Established in 1858 Iowa State University (ISU) has been a leader in agriculture and engineering. In addition to be being home to Ames Laboratory, ISU houses the Bioeconomy Institute (BEI), Iowa Energy Center (IEC), Plant Science Institute (PSI), Center for Biorenewal Chemicals (CBiRC) and Center for Bioplastics and Biocomposites (CB2) which will inform the work being done at JBEI.


The University of California Division of Agriculture and Natural Resources (UC ANR) is a statewide network of University of California researchers and educators dedicated to the creation, development and application of knowledge in agricultural, natural and human resources. UC ANR provides facilities for growing engineered feedstock crops.


UC Berkeley is the nation’s top-ranked public university. Founded in 1868, Berkeley provides a broad range of research support including molecular and cellular biology, molecular genetics, proteomics and environmental sciences.
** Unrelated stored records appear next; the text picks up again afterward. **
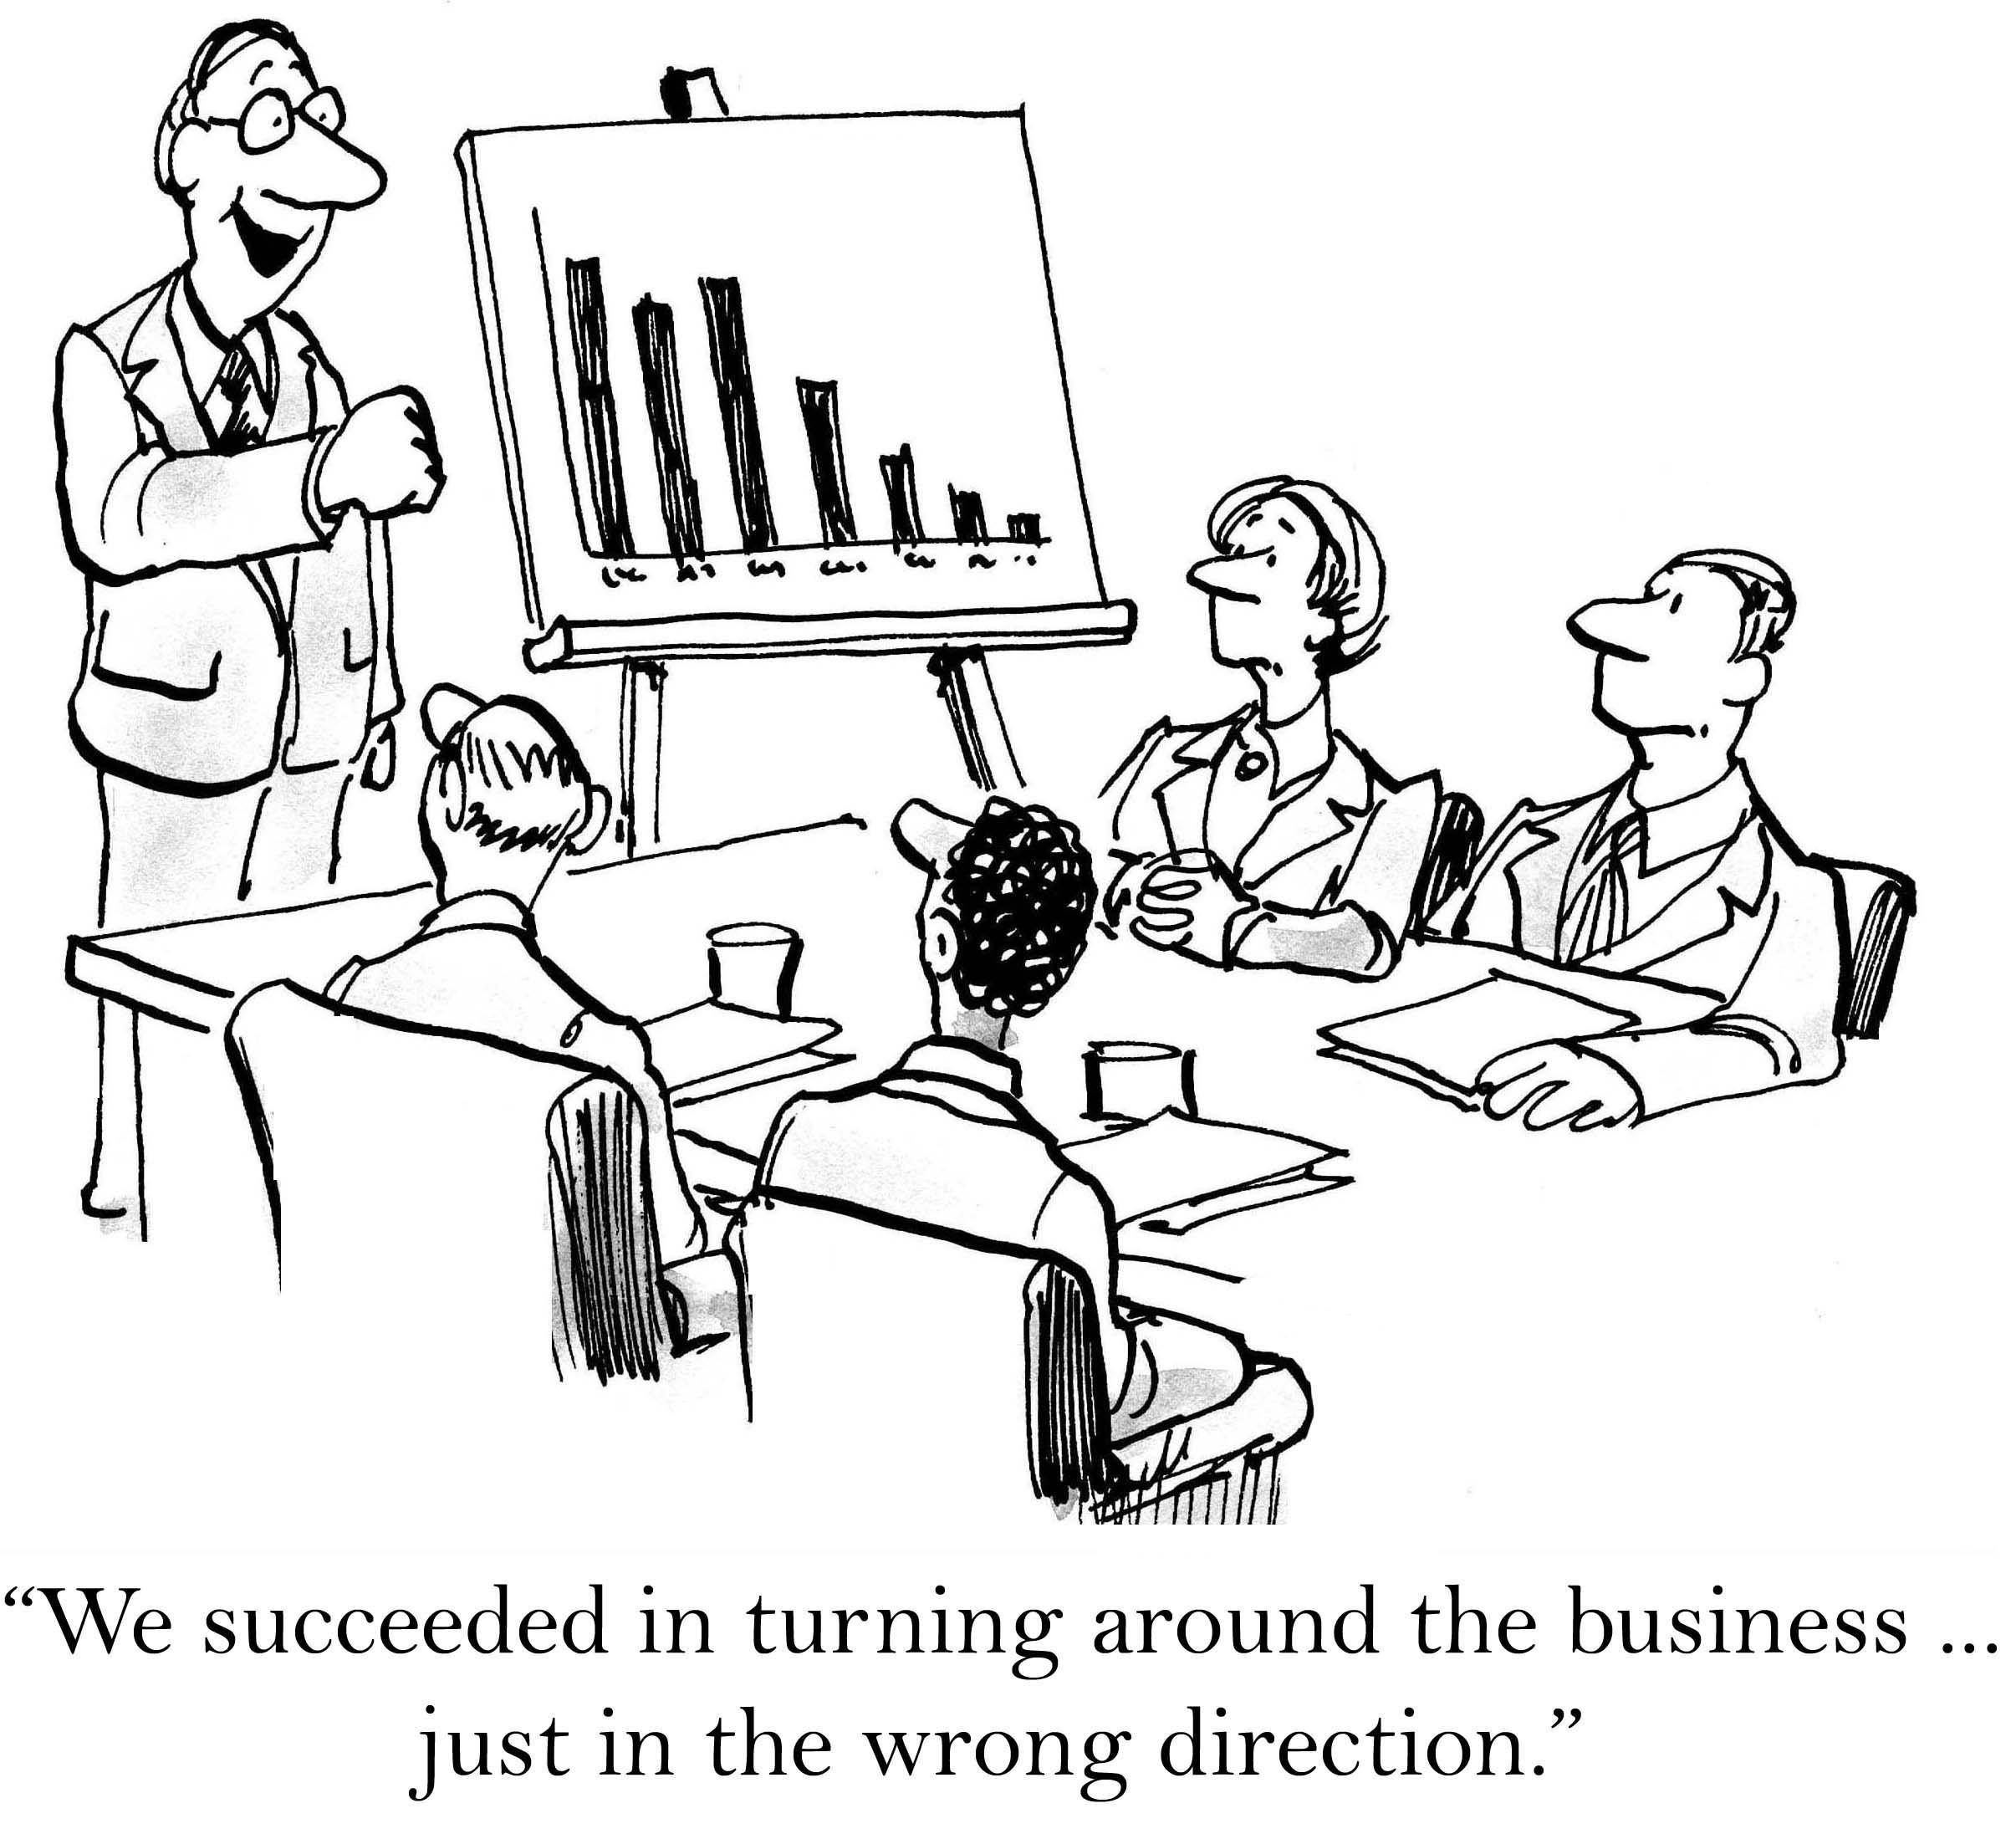 impact of customer churn
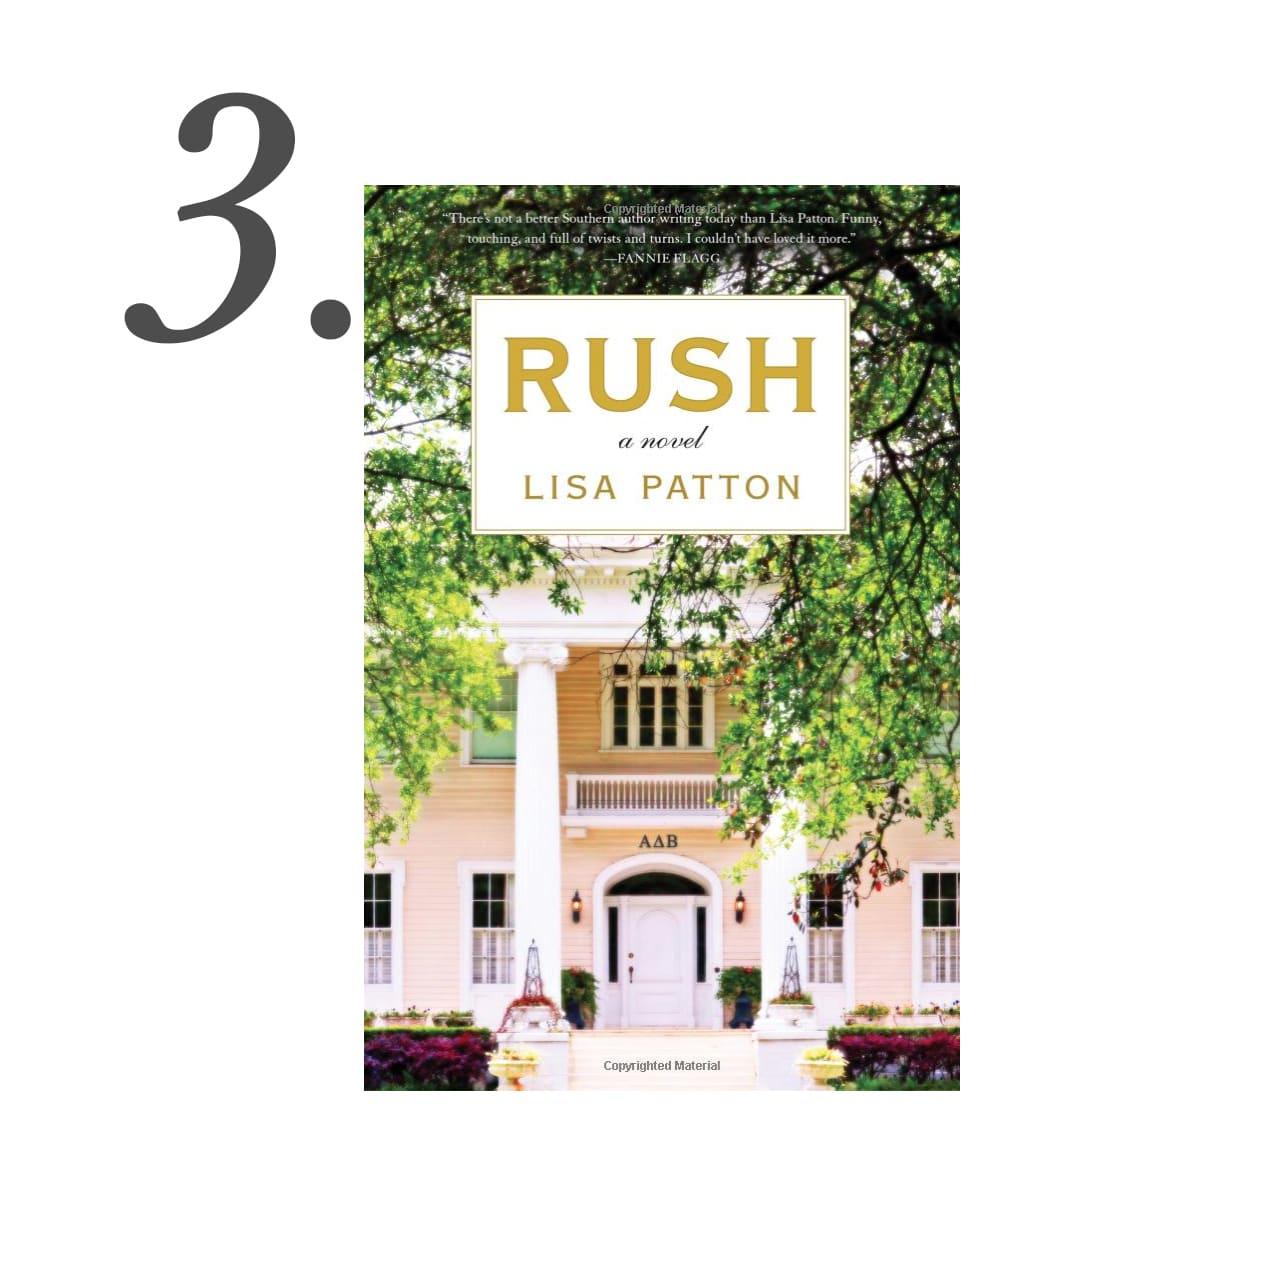 Rush- A Novel | www.ashleybrookedesigns.com
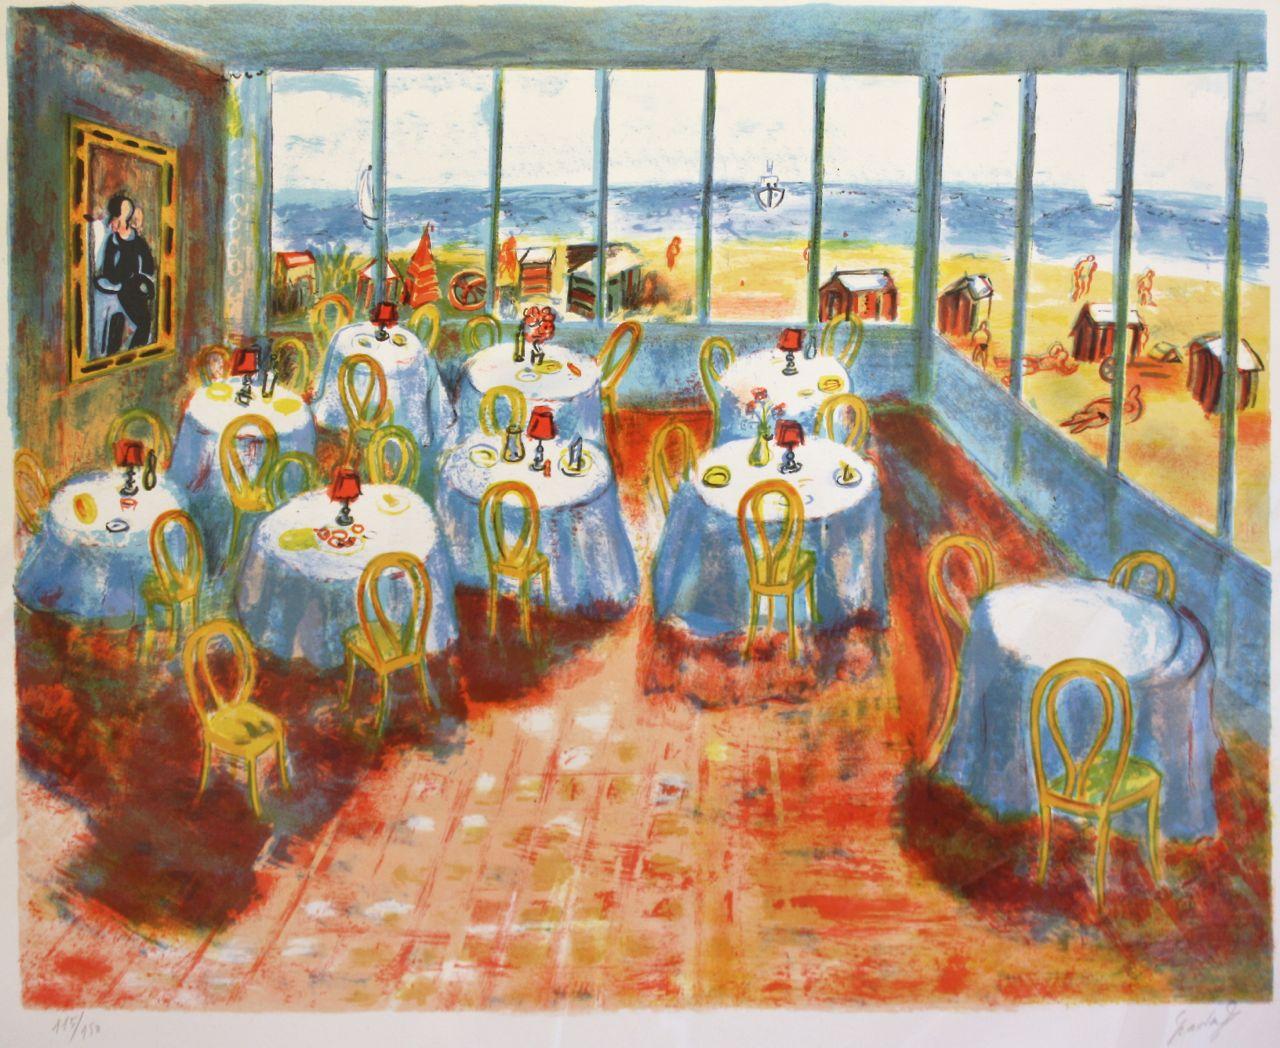 Art History News: Modern Times: American Art 1910-1950

Berkeley counts among its current faculty seven Nobel laureates, 130 members of the National Academy of Sciences, 94 members of the National Academy of Engineering, and 13 recipients of the National Medal of Science.


UC Davis oversees the California Biomass Collaborative, the Northern California Nanotechnology Center, the Western Regional Center of the National Institute for Global Environmental Change and the UC Davis Genome Center. The university supports JBEI’s research mission by providing expertise in plant and environmental sciences, plant genetics, plant physiology, evolutionary biology and environmental science.

UC Santa Barbara

UC Santa Barbara (UCSB) joined the University of California system in 1944. Its faculty includes six Nobel Prize winners and scores of elected members of national and international academies and societies. The campus is home to 12 national centers and institutes, eight of which are sponsored by the National Science Foundation, including the California NanoSystems Institute (CNSI).

UC Santa Diego

Established in 1960, UC San Diego (UCSD) is one of the top 15 research universities in the world. One of the first universities in the nation to establish a department of nanoengineering, UC San Diego students work to develop innovative solutions to energy production, medical treatments and more. JBEI will namely partner with UCSD’s Systems Biology Research Group.